Once you've finished the rest of your cover letter, you can add a concluding paragraph at the end. Here you can summarise the main points of your baker cover letter that make you the right candidate. This is also a final opportunity to include keywords that you were unable to add elsewhere. You can restate your enthusiasm for the role and why that particular hiring organisation is appealing to you.
It's also a good idea to thank the recipient of your cover letter for taking the time to read and consider your application. You can then add a subtle call to action by stating you look forward to hearing back from them and state your availability for interviews. When you're finished, you can add your signature with an appropriate signoff. Traditionally, the signoff for a letter with a named recipient is Yours sincerely, whereas the signoff for an unnamed recipient is Yours faithfully.
Cover letter template for baker
Here's a template that you can use to organise your cover letter or adapt it to your requirements:
[First name] [Last name], [Degree or certification if applicable]
[Phone number] | [Email address] | [City] [relevant social media accounts that showcase your work]

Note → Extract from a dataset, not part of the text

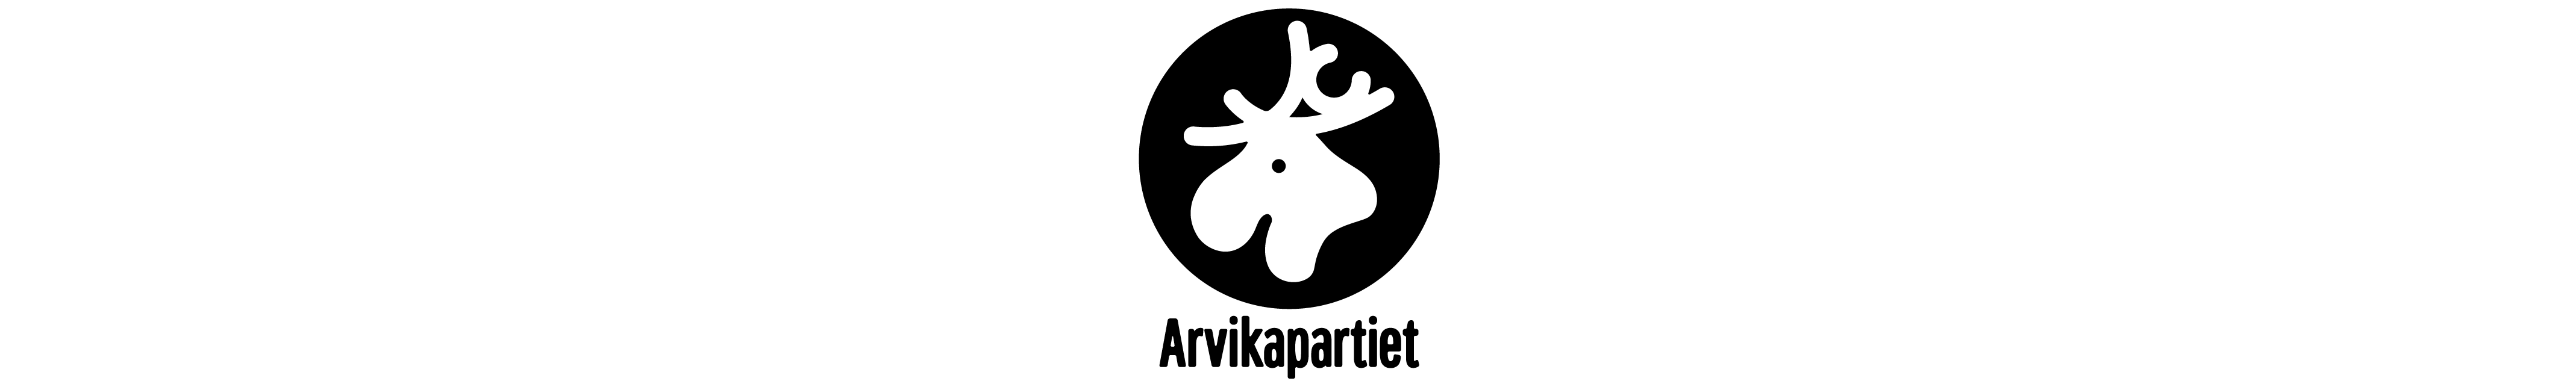 Stiliserat älghuvud i svart och vitt, symbol för Arvikapartiet

Dear [Hiring manager's first name] [Hiring manager's last name],
[Express excitement for the position including the role title and the company name]. [Introduce yourself by explaining why you're applying for the job and how the job aligns with your career goals and what specifically draws you to the company].
[Explain your relevant experience and qualifications without repeating what's in your CV]. [Highlight one to two relevant achievements with facts and data when possible]. [Explain why you'd be a good fit for the company]. [Optional - address employment gap or career transition].
[Express gratitude]. [Summarise qualification]. [Restate interest in role]. [Call to action + availability and preferred contact method]
Related: What is a cover letter template?
Cover letter example for baker
Here's a cover letter example for a baker job application:
0777 999 888 | email@example.com | Plymouth
02 January 2023
Crusoe & Bean Retail Group
Dear Roberta Brown,
My name is Gordon White and I'd like to submit my application for the position of Baker at Crusoe & Bean Retail Group's Plymouth supermarket branch, which I saw advertised on Indeed. With multiple years of experience in bakeries that produce large quantities of goods at a high standard, I believe I'm the right candidate for this position.
After completing my Level 3 Diploma in Professional Bakery, I started working at the Raynott Bakery in Plymouth. I quickly became accustomed to producing large batches of various goods for local retailers, including a selection of different types of loaves and pastries. I performed quality checks on each batch and handled communications with logistics team members and clients. I have since become responsible for shifts of work and the quality of outputs, in addition to taking charge of custom orders for caterers and restaurants. I'm a clear and consistent communicator with excellent time management and attention to detail.
Thank you very much for taking the time to consider my application. I'm very keen to work at an organisation like yours with a reputation for its excellent bakeries. I'm available to interview at any time that's suitable and look forward to hearing from you.